PE is not the energy required to hold the object from falling, its basically what KE can be at different distances. In that sense they are equal.

6. Sep 11, 2010

Its not possible to get 100% Efficient energy transfer, Only under Ideal condition it is possible, Ideal conditions are assumptions made by us.
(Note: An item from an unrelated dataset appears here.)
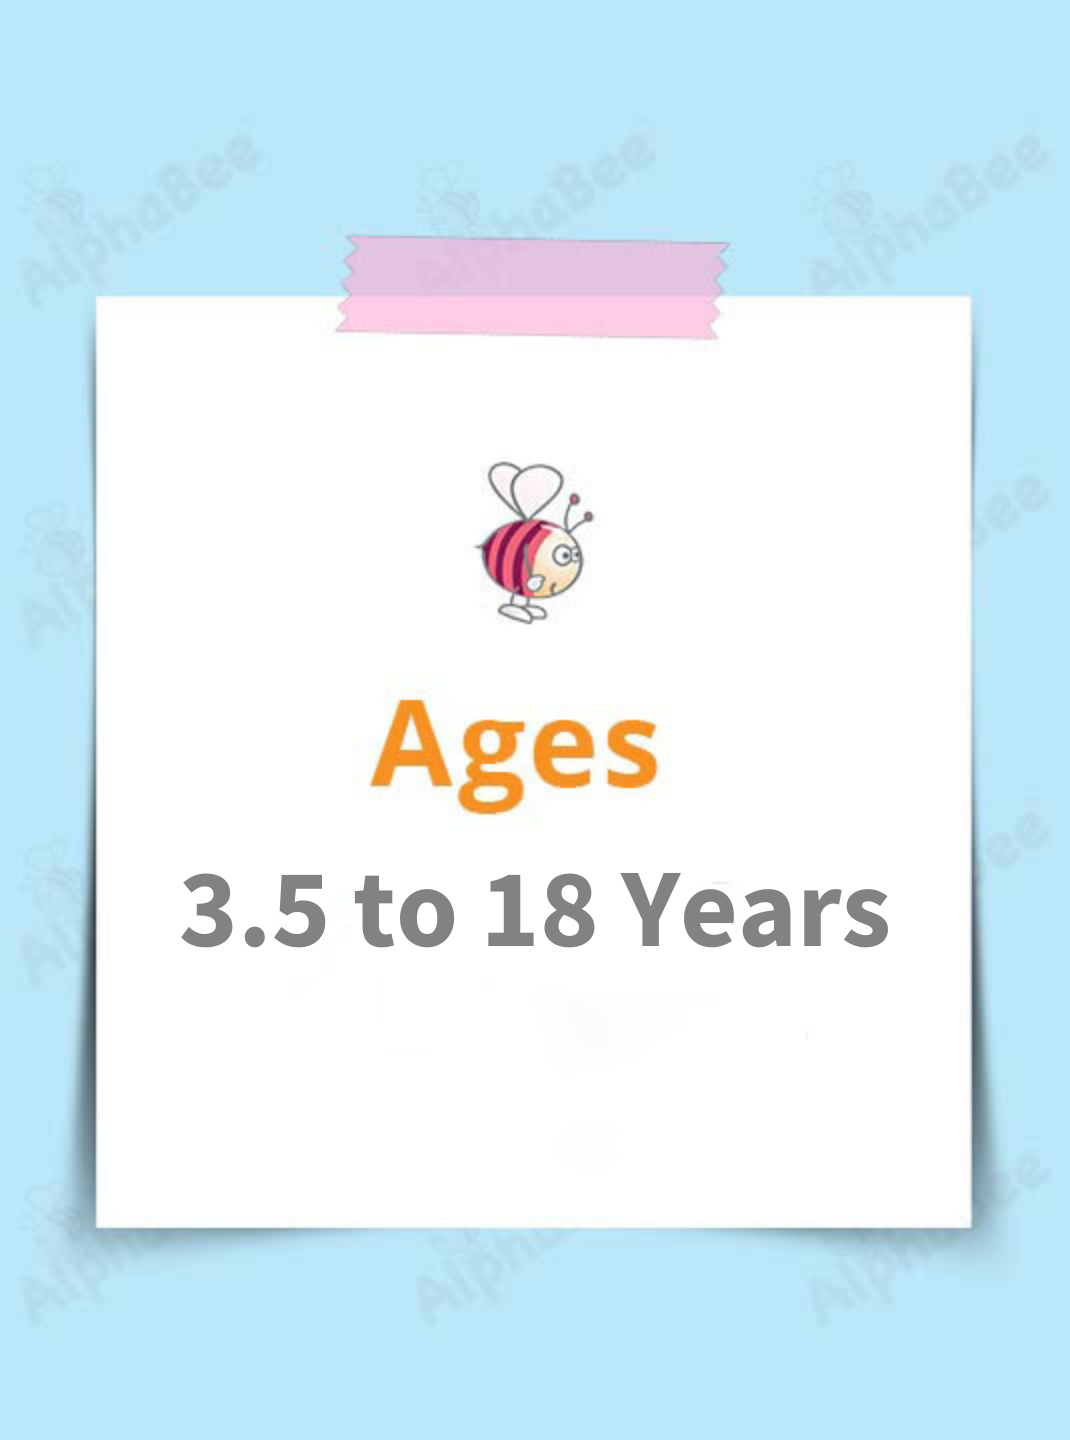 Ages 3.5 to 18 Years

In most of energy transfers taking place in the universe, losses take place generally due to friction, or the energy might be lost to atmosphere if its not a perfect closed system.

7. Sep 11, 2010

### ZapperZ

Staff Emeritus
They are? This doesn't make any sense. What if, instead of dropping it, I roll a wheel down an inclined plane. Do you think the KE of that wheel is the same as the dropped ball after it has gone through the same height? If it isn't, then how can PE be nothing more than "what KE can be at different distance" when these two examples produced DIFFERENT KE?

Zz.

8. Sep 11, 2010

### Dr Lots-o'watts

Energy is always transferred from one input type to many output types (the application + "losses") with perfect efficiency (law of conservation). The issue here is to single out one of the output types. It comes down to a matter of how close you get to what you actually want. It comes down to how perfect is heat isolation, how perfect is your crystal, how perfect is your vacuum etc. depending on what types of energy you work with.

9. Sep 11, 2010

### grounded

I must be missing something simple, I thought the PE of the ball at the top of the hill is equal to the KE of the ball at the bottom of the hill? (minus friction)

Isn't the potential amount of energy the ball can have equal to the the energy the ball can obtain by falling or rolling?

10. Sep 11, 2010

### ZapperZ

Staff Emeritus
Not if the ball is rolling! The original PE has been transferred into the KE of the ball and the rotational energy.

Still, this is besides the point. By definition, the potential energy is never defined as what it's KE can be. The potential energy for an electron in a stable state in an atom has nothing to do with what its KE can be when it is liberated from that atom.

Zz.

11. Sep 11, 2010

### Staff: Mentor

Look at the definition of change in entropy, as it appears in most textbooks:

$$dS = \frac{dQ}{T}$$

If dQ = 0, then dS = 0.

12. Sep 11, 2010

### Bob S

If you look at the transfer of energy from one nuclear isomer to another identical nucleus by way of an emitted photon, the energy has to be conserved. Look in particular at Fe-57 isomer used in Mossbauer experiments. The emitted photon energy spread is
~5 *10-9 eV compared to the emitted photon energy of 14.4 *103 eV, so the energy transfer has to be 100% to within 1 part in 1012 to absorbed by another Fe-57 nucleus. The major energy loss is due to nuclear recoil because of the finite nuclear mass. This can be minimized by 'locking" the Mossbauer atoms in a crystal lattice. (Sorry, this is not Classical Physics.)

Bob S